Siamo altrettanto consapevoli che la nostra economia è agganciata a quella italiana, che oggi non è purtroppo una locomotiva.

Ma se i nostri colleghi italiani lamentano la lentezza della crescita, noi non possiamo certo gioire della nostra che è nell’ordine dell’1/1,5%. Le previsioni che ci riguardano, poi, sono di un rallentamento ulteriore, con l’aggravante di un debito pubblico che rischia di diventare insostenibile.

Fatte le dovute proporzioni, saremmo noi il fanalino di coda dell’Europa!

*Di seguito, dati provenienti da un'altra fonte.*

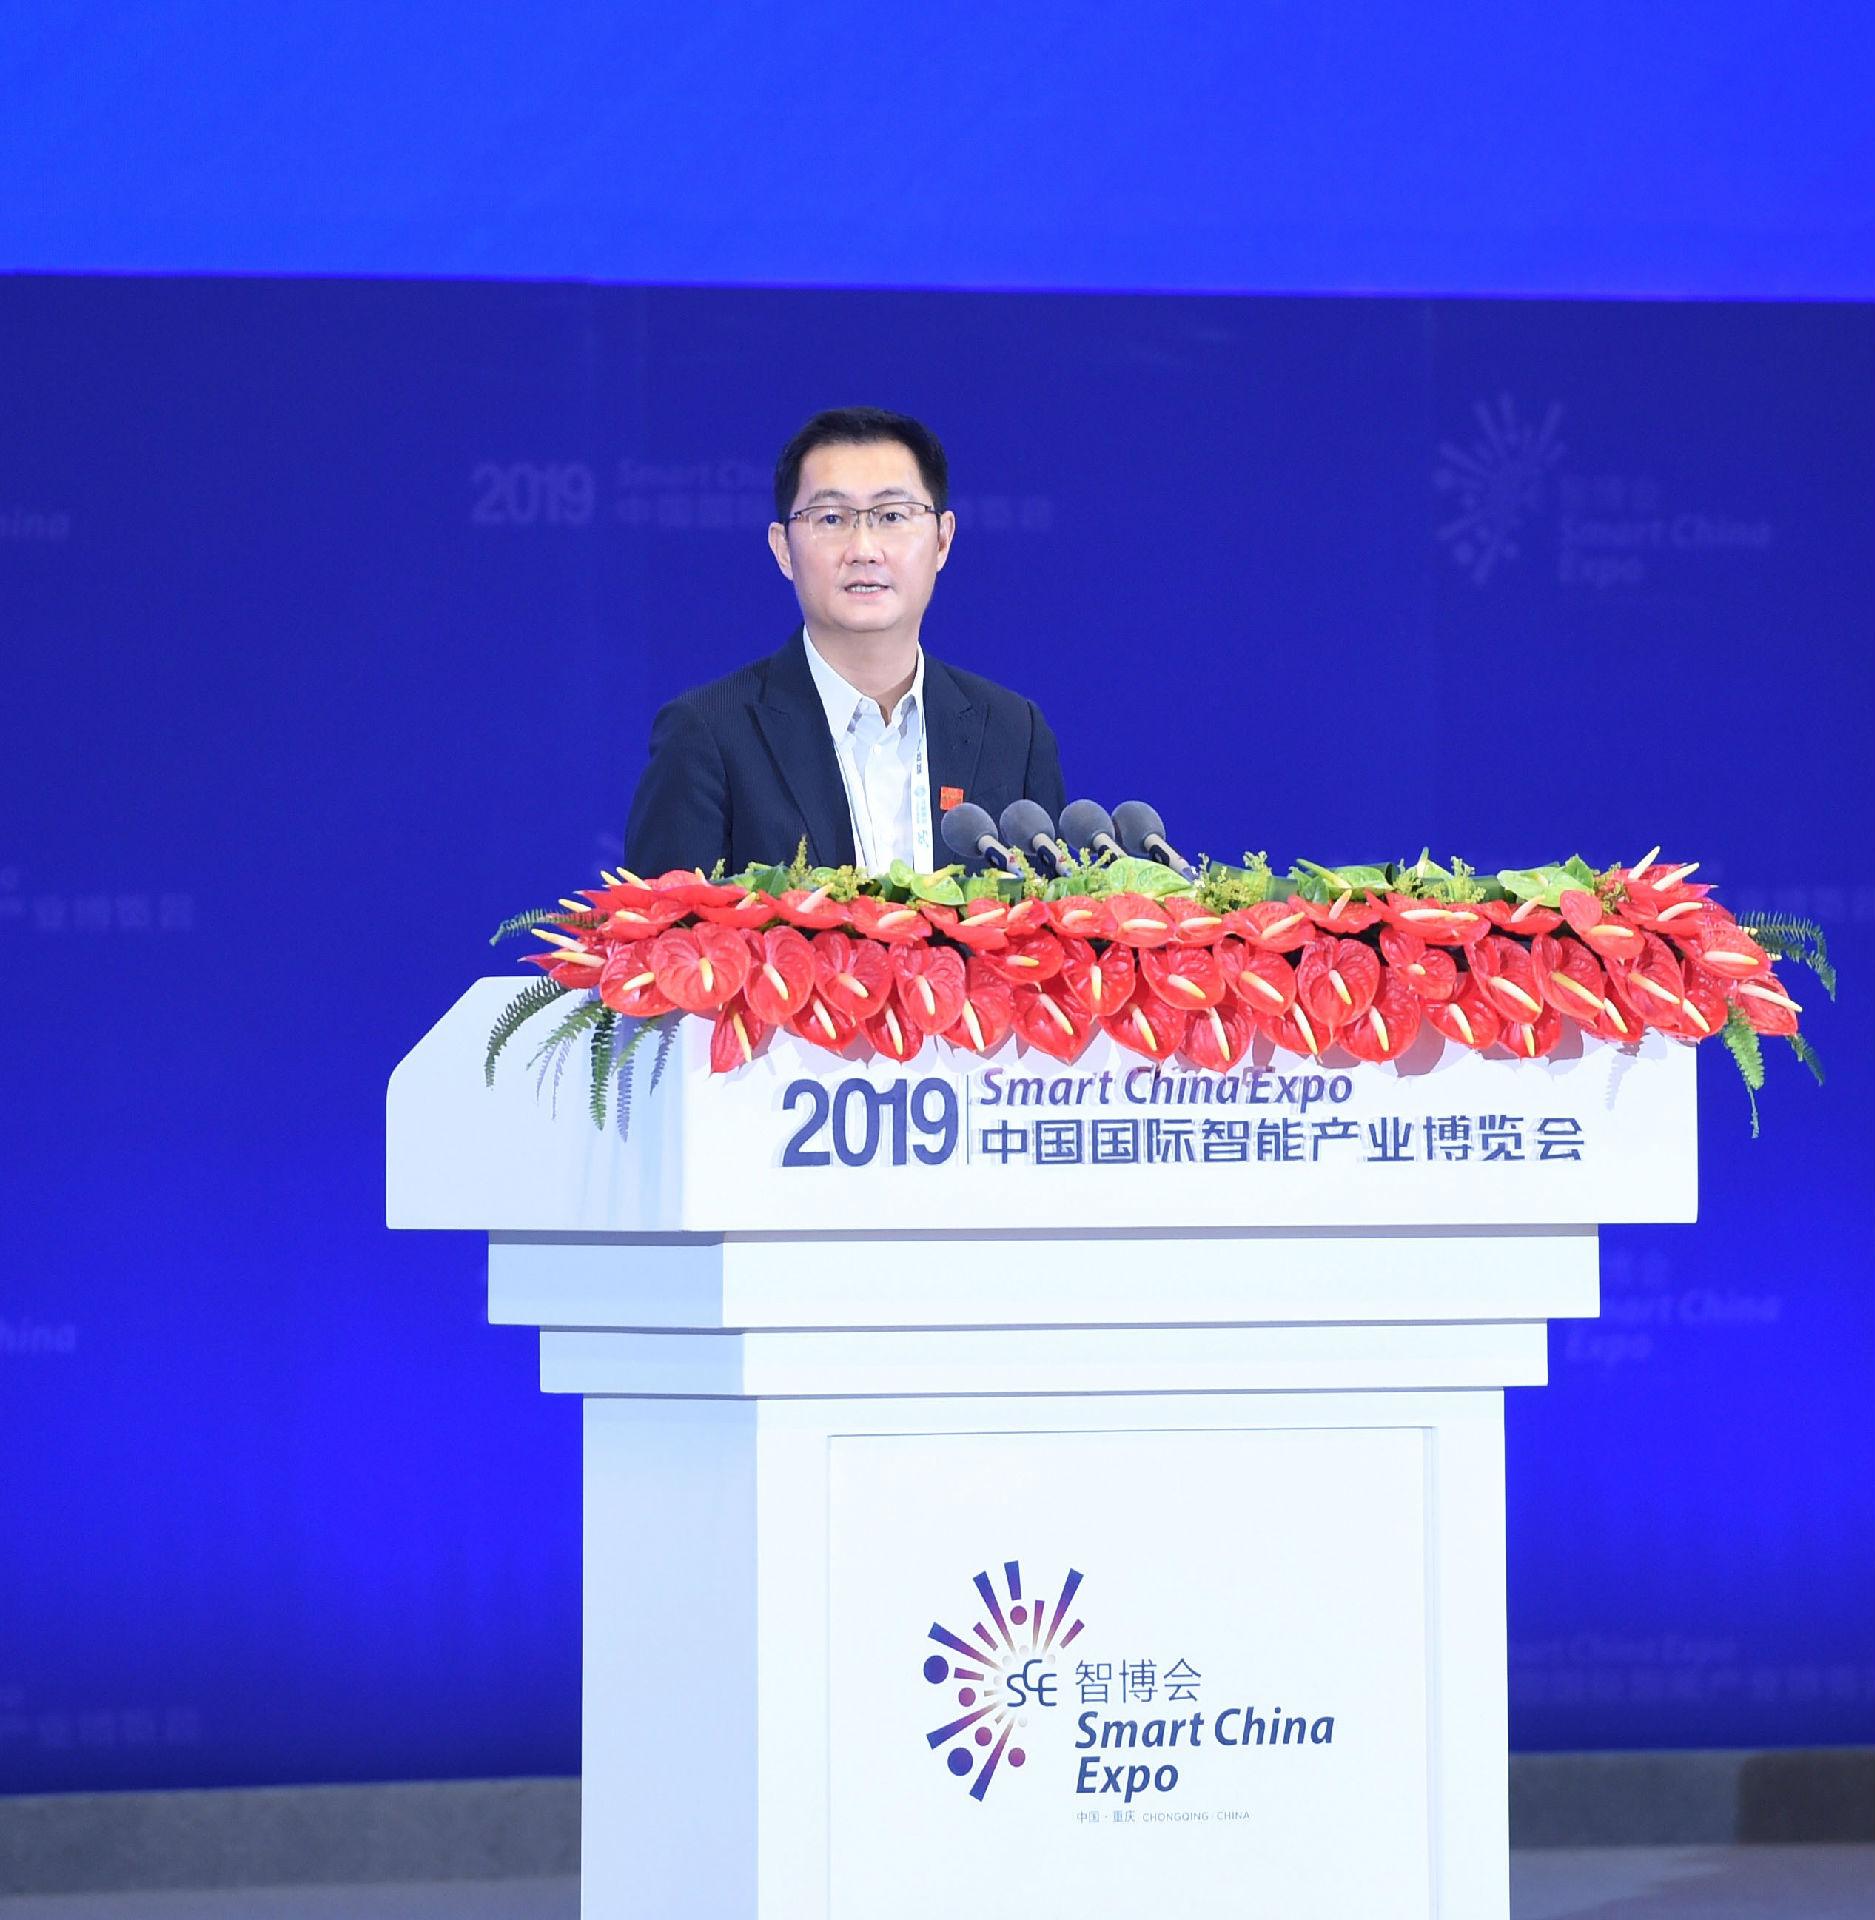 第二届中国国际智能产业博览会马化腾发表演讲全文

Il quadro non è incoraggiante, ma non possiamo permetterci di desistere. Anzi questo è il momento di dimostrare quanto valiamo, di gridare al mondo che, nonostante il quadro di San Marino sembri così sconfortante, tuttavia ha in sé il potenziale per capovolgere in positivo la sfavorevole congiuntura che sta attraversando.

Abbiamo una economia reale, fatta di aziende che occupano migliaia di dipendenti e che per restare competitive investono continuamente e generano fatturati importanti. Il Dottor Selva ci ha appena illustrato il rapporto su un campione significativo di aziende associate che, per dimensione del fatturato e numero di addetti, rappresentano efficacemente il valore del comparto manifatturiero sammarinese.

Approfitto per ringraziare tutte le aziende che ci hanno aiutato in questo progetto, condividendo i loro dati e rispondendo con diligenza ai questionari. Il loro aiuto ci ha permesso di sviluppare questo importante monitoraggio.

Dai dati proposti salta agli occhi che è questa economia reale a tenere in piedi il Paese!

Non solo: queste imprese crescono. E crescono non grazie al Paese, ma nonostante tutte le sue limitazioni e i suoi problemi.

Dall’analisi dei dati è facile capire dove sarebbe utile intervenire:

– abbiamo visto come le nostre aziende investono in risorse umane e come assumono ogni anno nuove competenze per svilupparsi, quindi ci aspettiamo che il mercato del lavoro e le politiche di sostegno al lavoro vadano in questa direzione;

– abbiamo constatato che più si investe in organizzazione interna, in formazione e in innovazione, più le aziende crescono. Va da sé che, se di vero sviluppo si vuole parlare, occorrono interventi volti a favorire questa tipologia di investimenti.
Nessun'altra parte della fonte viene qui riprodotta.